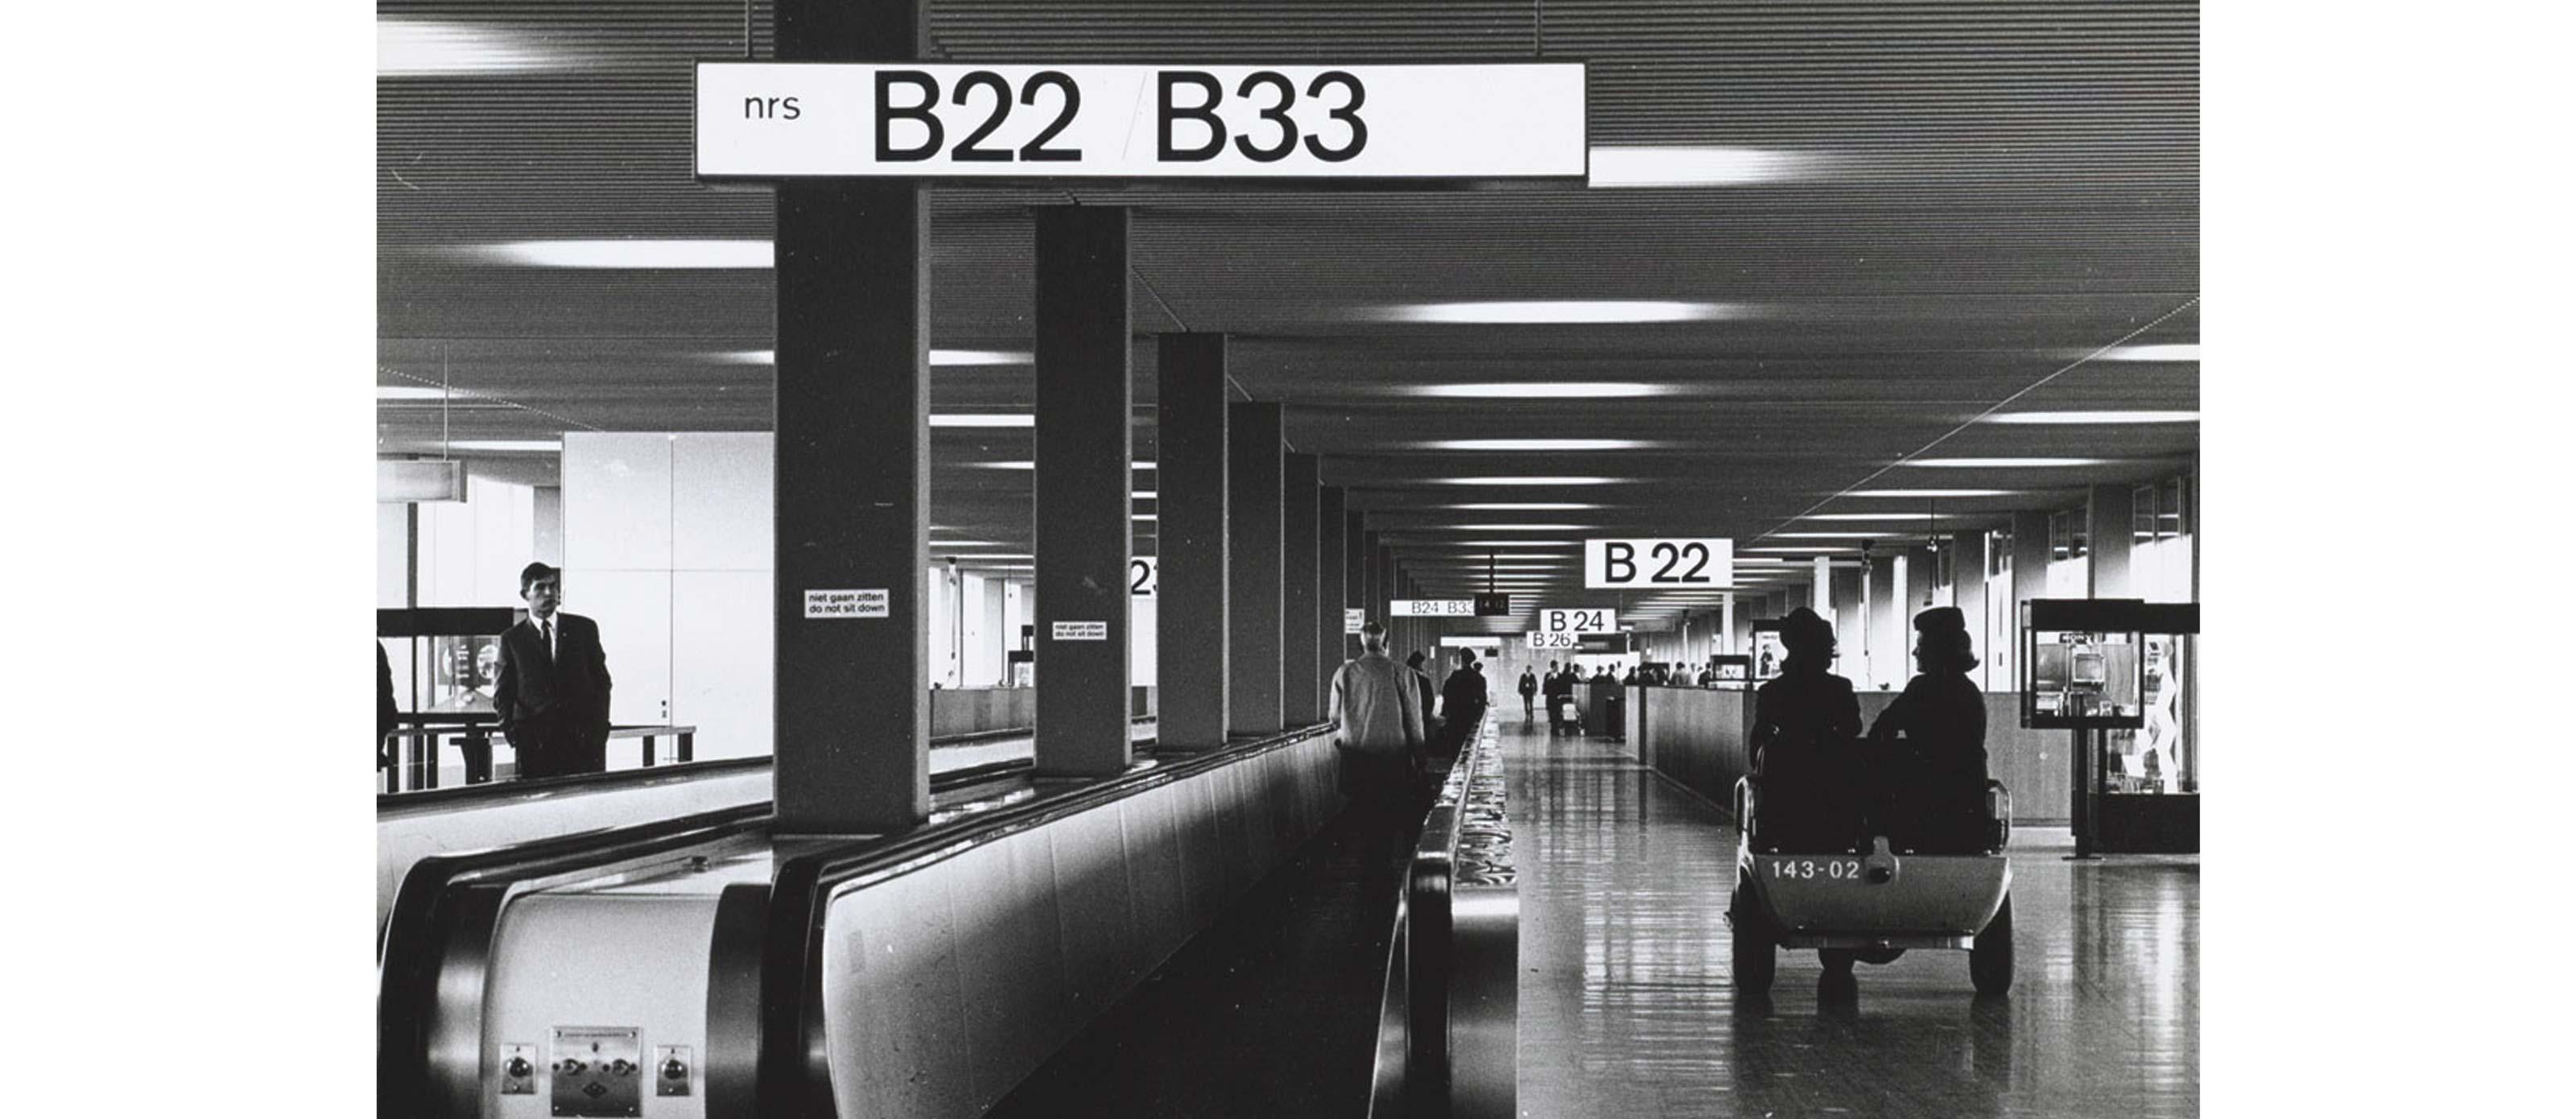 benno-wissing-signaletique-aeroport-schiphol-1967-01
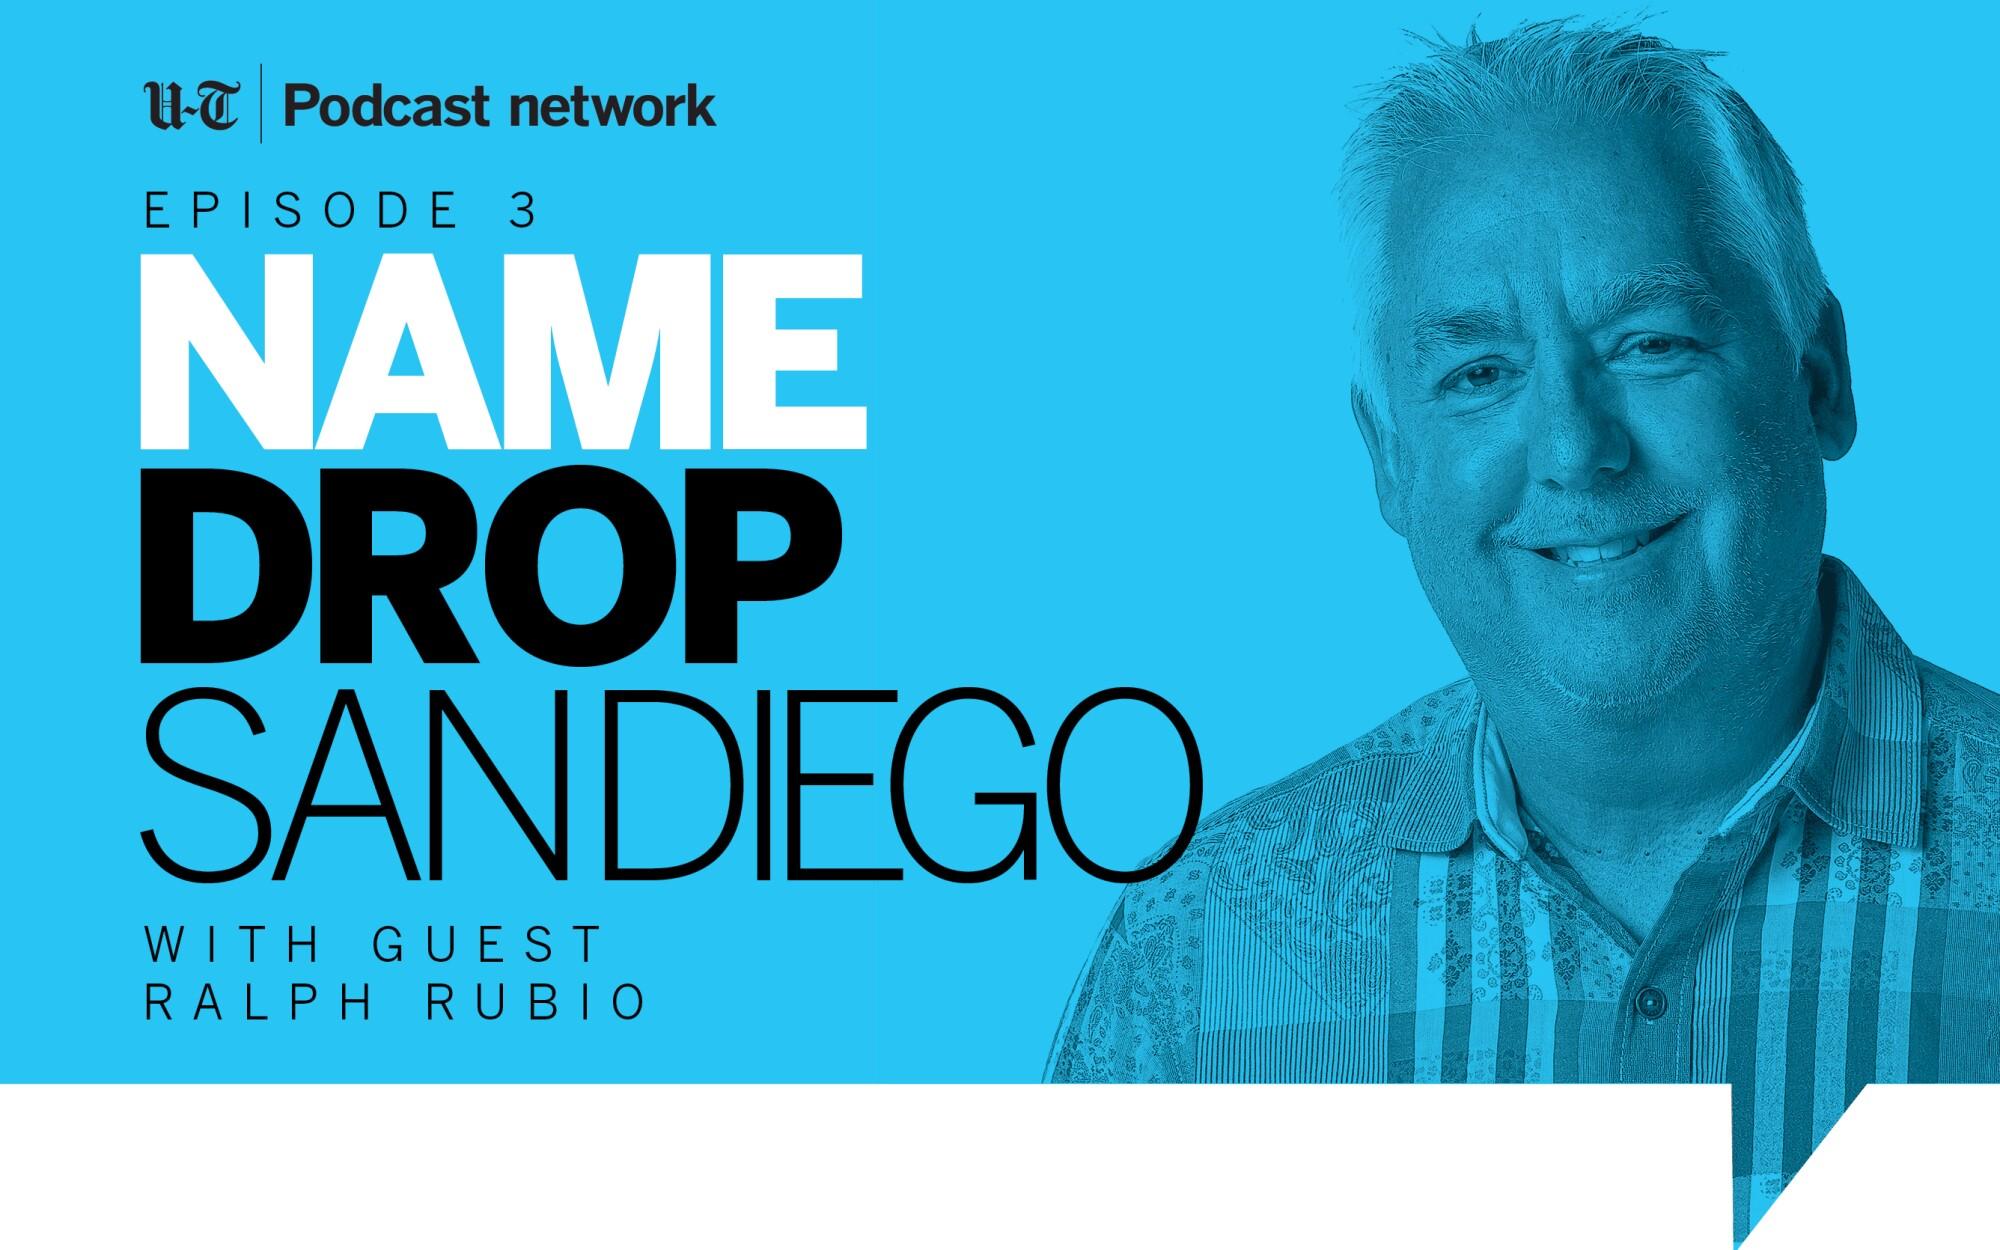 Ralph Rubio on Name Drop San Diego.
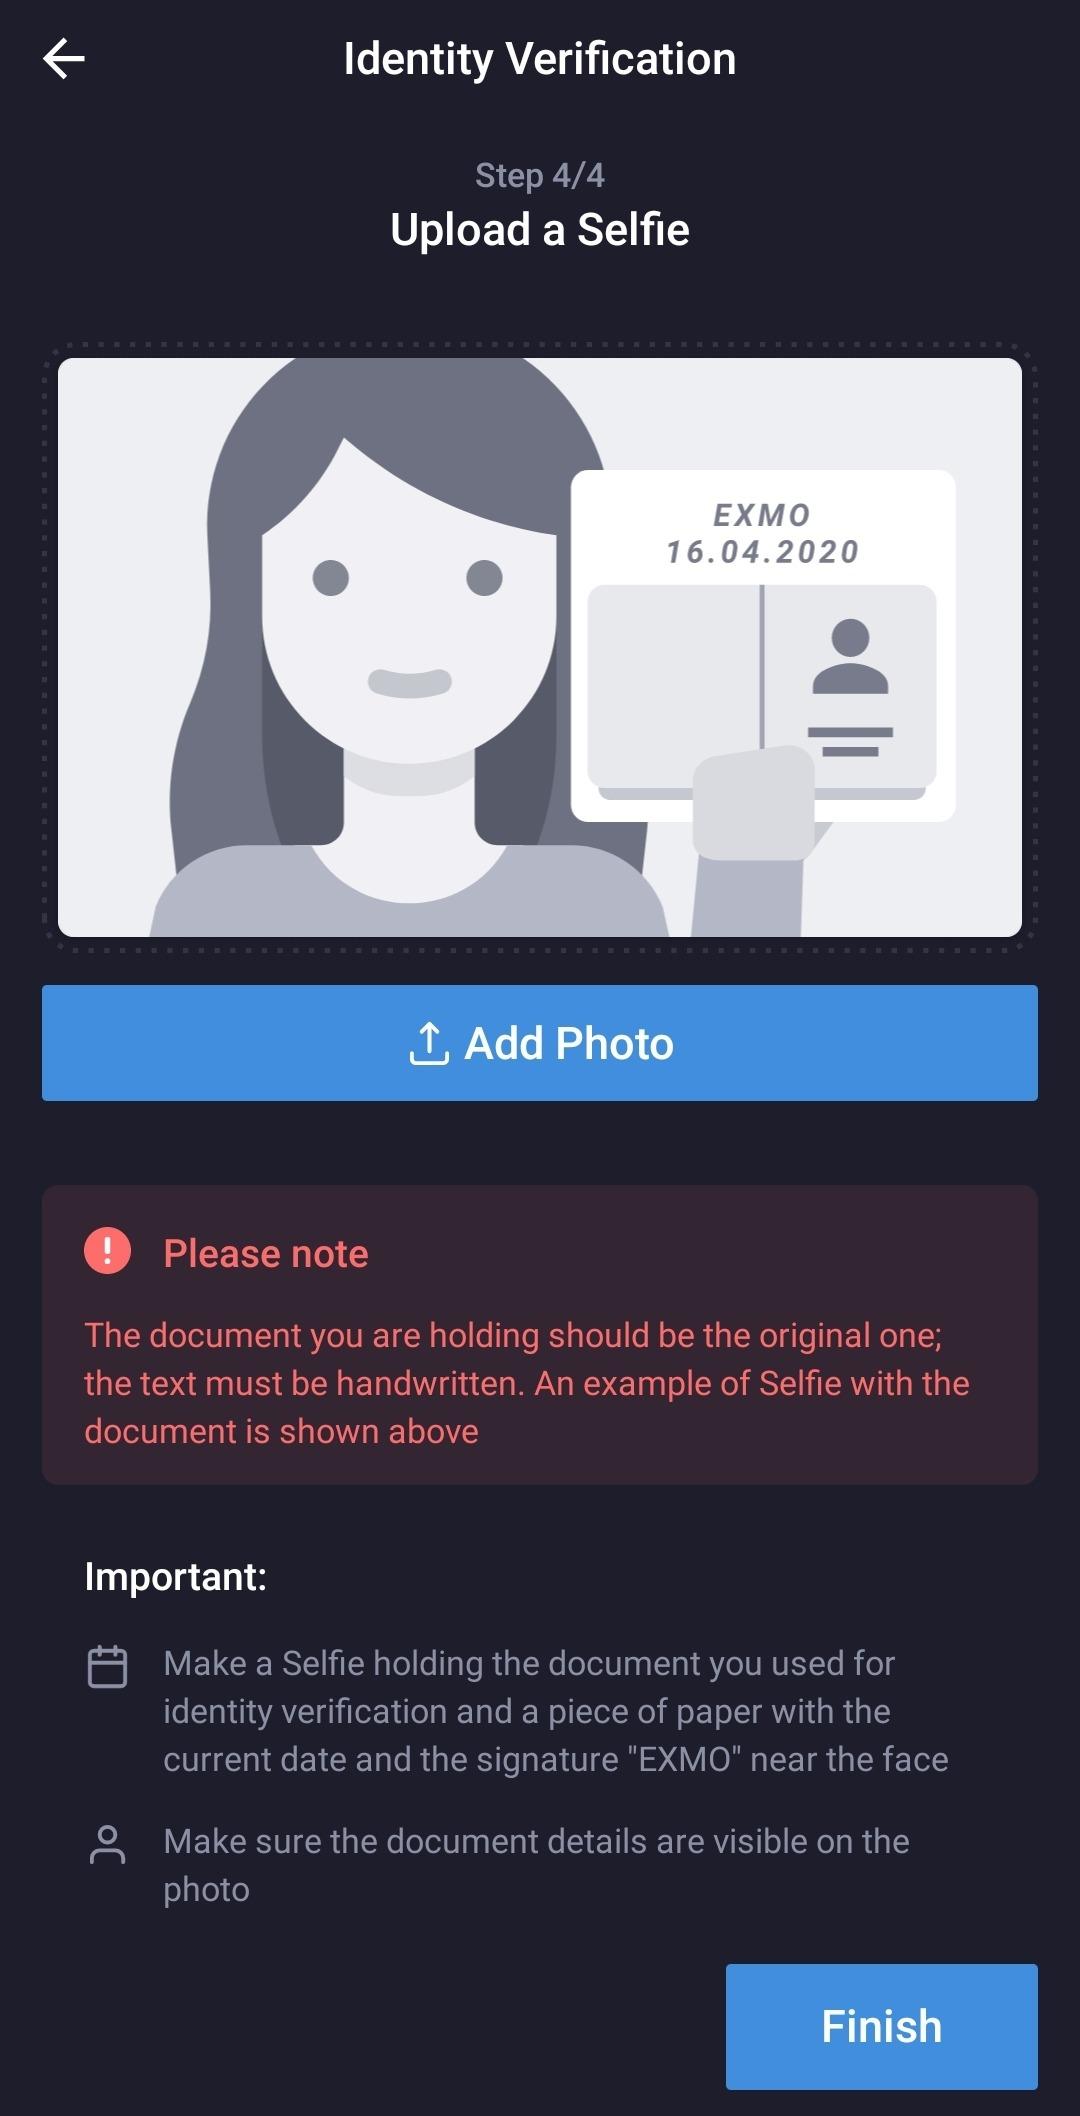 Identity verification 4

PROBLEM STATEMENT ::
Where the material contains pictures, leave them out and copy the rest verbatim.

OUTPUT FOR THIS TASK ::
 benno-wissing-signaletique-aeroport-schiphol-1967-01
 Ralph Rubio on Name Drop San Diego.
 Identity verification 4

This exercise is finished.